Leave Yesterday Behind

Read Leave Yesterday Behind Online

Authors: Lauren Linwood

Table of Contents

LEAVE YESTERDAY BEHIND

LAUREN LINWOOD

SOUL MATE PUBLISHING

New York

LEAVE YESTERDAY BEHIND

Copyright©2015

LAUREN LINWOOD

Cover Design by Leah Suttle

This book is a work of fiction.  The names, characters, places, and incidents are the products of the author’s imagination or are used fictitiously.  Any resemblance to actual events, business establishments, locales, or persons, living or dead, is entirely coincidental.

All rights reserved.  No part of this publication may be reproduced, stored in a retrieval system, or transmitted in any form or by any means (electronic, mechanical, photocopying, recording, or otherwise) without the prior written permission of both the copyright owner and the publisher.  The only exception is brief quotations in printed reviews.

The scanning, uploading, and distribution of this book via the Internet or via any other means without the permission of the publisher is illegal and punishable by law.  Please purchase only authorized electronic editions, and do not participate in or encourage electronic piracy of copyrighted materials.

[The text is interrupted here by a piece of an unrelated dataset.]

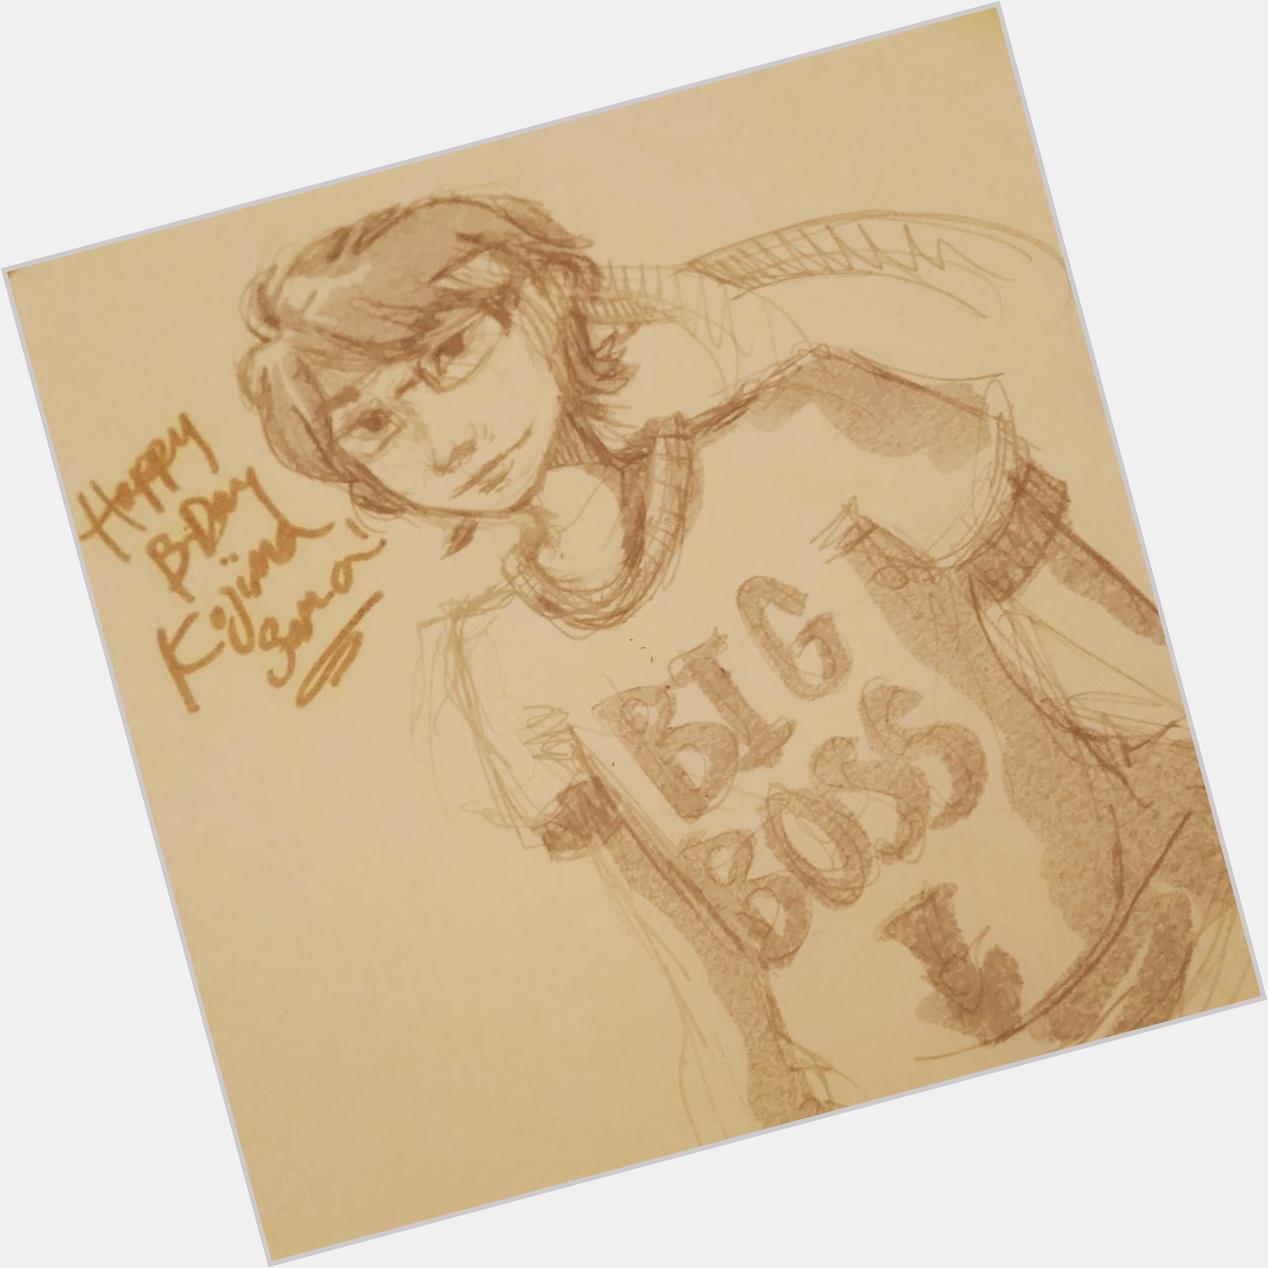  Happy belated birthday Kojima sama!   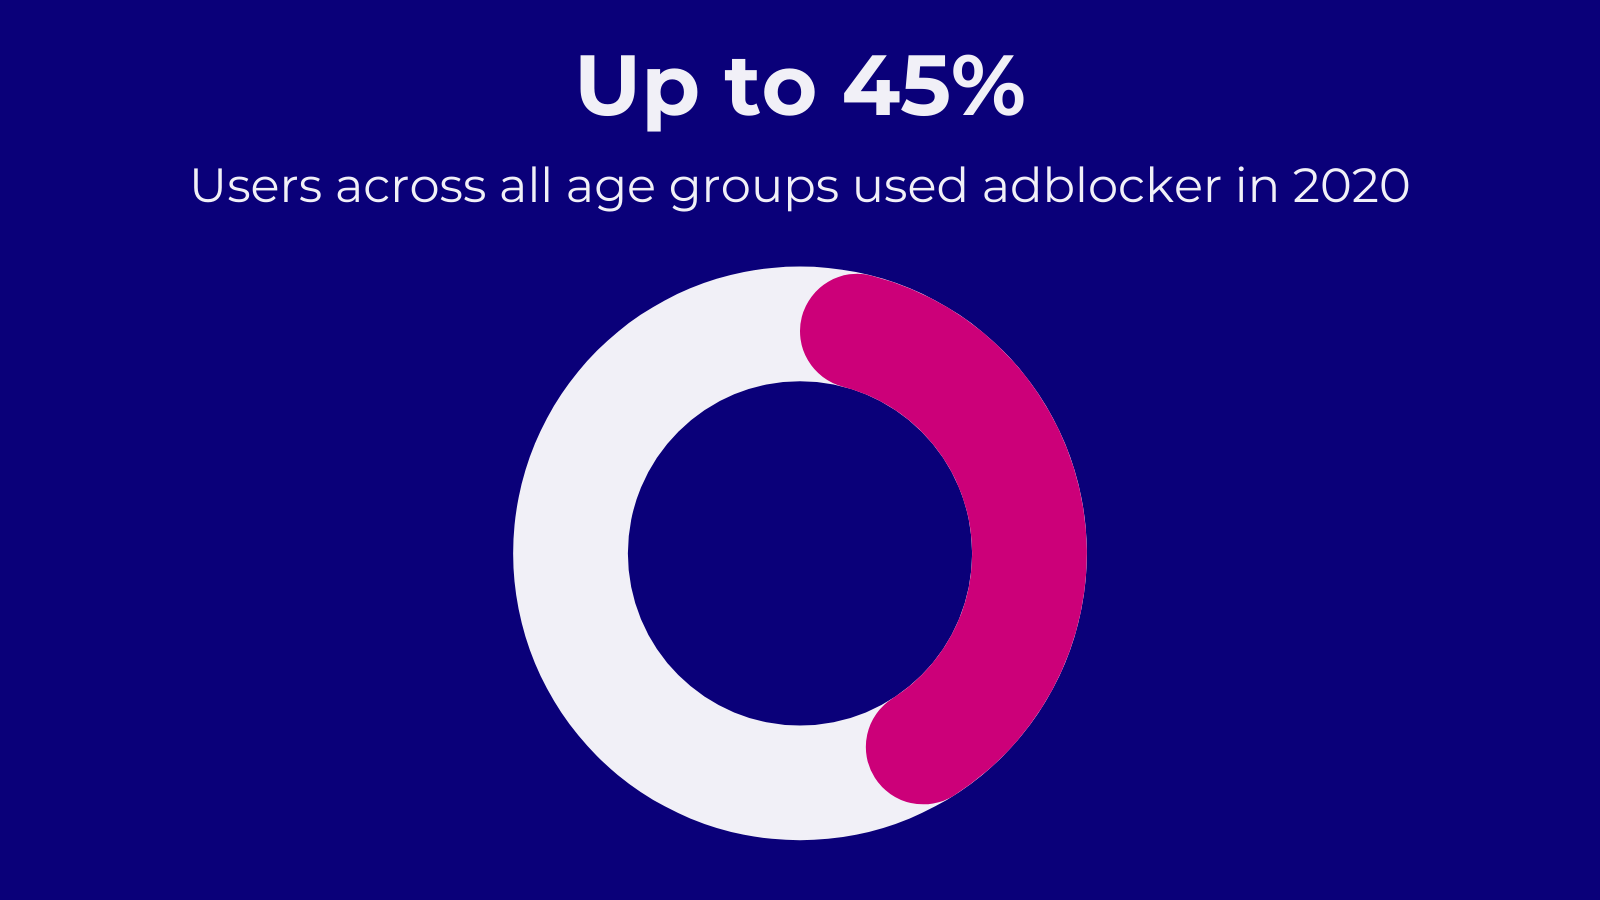 Adblocker by age.png

Your support of the author’s rights is appreciated.

Published in the United States of America by

Soul Mate Publishing

P.O. Box 24

Macedon, New York, 14502

ISBN: 978-1-61935-
803-4

www.SoulMatePublishing.com

The publisher does not have any control over and does not assume any responsibility for author or third-party websites or their content.

For My SS Ladies

Donnette, Jennifer, Karen, Kathy, & Rita.

Though we’ve all headed in new directions,

whenever we are together,

it’s as if we’ve never been apart.

Prologue

The realization came to him instantly. He’d had enough practice. He looked over at the girl, her eyes large with fear as she watched him cross the room and remove a can of beer from the mini-fridge. It hissed gently as he popped the top and took a swig. Then another. The cold brew slid down his throat, burning as it went.

Practice made you perfect. That was the rule. His mother became the perfect whore thanks to all her years of practice, men traipsing in and out of their ever-changing address. She died because of all those men—the never-ending line—and the booze that she used to make herself forget that same, endless parade.

And, of course, the one man that bashed her face in until there wasn’t a face left. That had been the kicker.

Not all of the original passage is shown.